Unfortunately, the findings from a new study from The Pew Charitable Trusts, a nonprofit organization working to improve public policy, indicate that the rags-to-riches story may belong in the fiction aisle for the majority of poor Americans. Using data from families between 1968 to the present, the research reveals that 70 percent of children who are born into lower-class conditions never even make it to the middle class, let alone the upper tier of society. The research also underscores a continuing racial disparity in the country. Whites are twice as likely as blacks to leave the bottom rung of the ladder.
These findings are troubling, but the research does highlight which factors can make an individual’s personal-finance situation more promising. Earning a college degree and being part of a dual-earning family increase the likelihood of moving up from the bottom.
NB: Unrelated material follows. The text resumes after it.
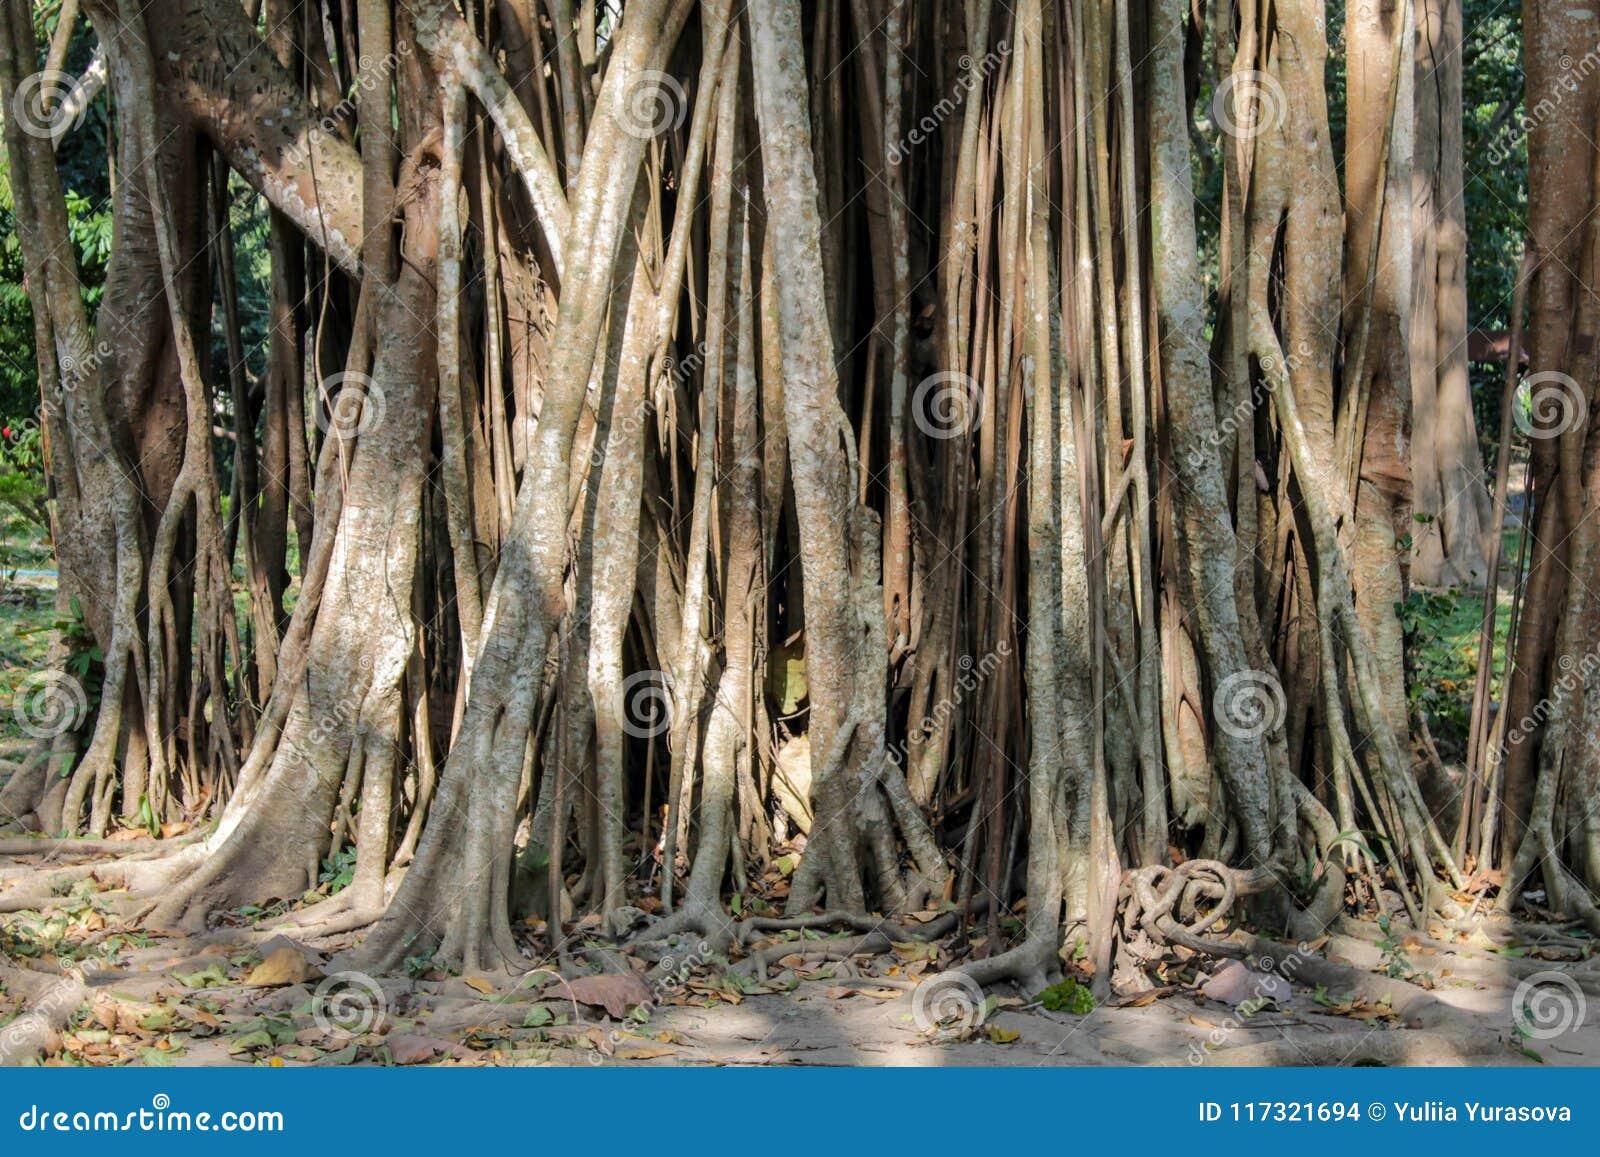 Корни баньяна лесного дерева джунглей в тропическом тропическом лесе

There is another very important piece of the American-dream equation. The report points out that individuals who did leave the bottom of the economic ladder had six times higher median liquid savings. Consider this statistic: Someone with $10,000 in liquid savings is 5.5 times more likely to move to the middle class than someone with just $1,000 in liquid savings.
I realize the challenge that this presents. When someone has very little money, it’s not easy to put much of that away for the future. However, there are small steps that can add up toward big payoffs down the road. Rather than working to figure out how to earn more immediately, it’s wise to determine how to spend less. Reducing expenses is a simple method to saving more.
What do you think of the research? Do you think the American dream can become a reality for poor citizens?